Pierre L. Bhoorasingh, Belinda L. Slakman, Fariba Seyedzadeh Khanshan, Jason Y. Cain, Richard H. West.
Analysis for the manuscript with the above name.
%matplotlib inline
import numpy as np
from matplotlib import pyplot as plt
import pandas as pd
import seaborn as sns
import matplotlib
The first analysis uses kinetics generated for an earlier version of the manuscript, stored in kinetics.csv, and focuses on the H Abstraction reactions.
kinetics = pd.read_csv('kinetics.csv')
h_abs = kinetics[kinetics['family']=='H_Abstraction']
h_abs.head()
h_abs.plot.scatter('AutoTST_fwd', 'Rate Rules', loglog=True,
xlim=(1e-1,1e7), ylim=(1e-1,1e7), figsize=(6,6))
plt.gca().set_aspect('equal')
Note the significant banding, where many reactions are given the same rate estimate.
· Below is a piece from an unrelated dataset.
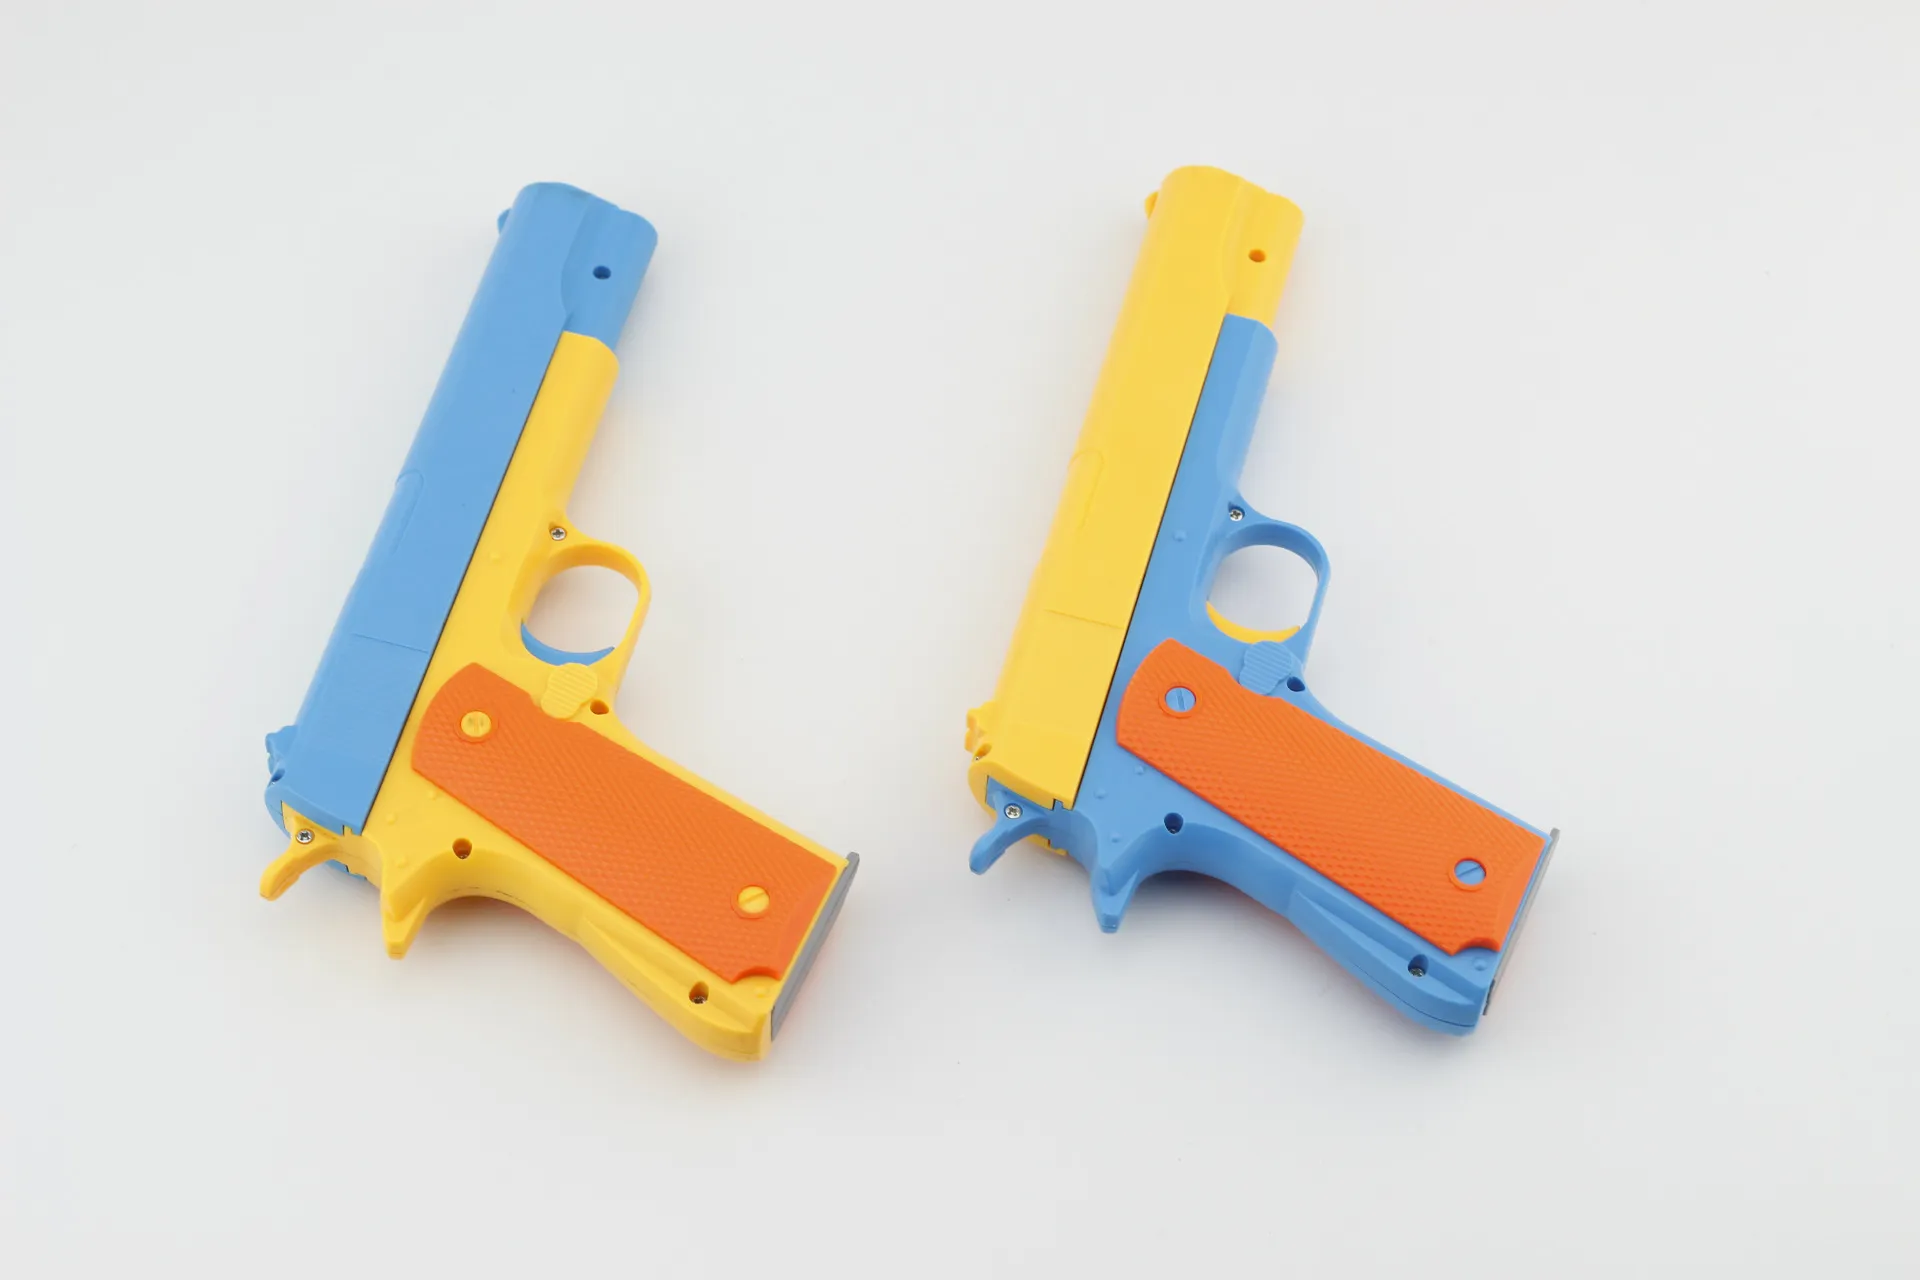 M1911 Armas de brinquedo para meninos com manual macio manual tiro cor  pistola sniper plástico blaster modelo presente de aniversário

Lets parse the "comment" that RMG puts on the reaction estimate, to see how each was estimated:
def getRMGSource(rule):
rule = rule.lower().strip()
if 'average' in rule:
return 'Average'
elif 'estimated' in rule:
return 'Other estimate'
elif 'exact' in rule:
return 'Exact match'
else:
return 'Unknown'
h_abs = h_abs.dropna(subset=['Rule summary'])
h_abs['RMGSource'] = h_abs.apply(lambda row: getRMGSource(row['Rule summary']), axis=1)
#sns.set_style('ticks')
fg = sns.FacetGrid(data=h_abs, hue='RMGSource', size=6, aspect=1.0, xlim=(1e-1,1e7), ylim=(1e-1,1e7))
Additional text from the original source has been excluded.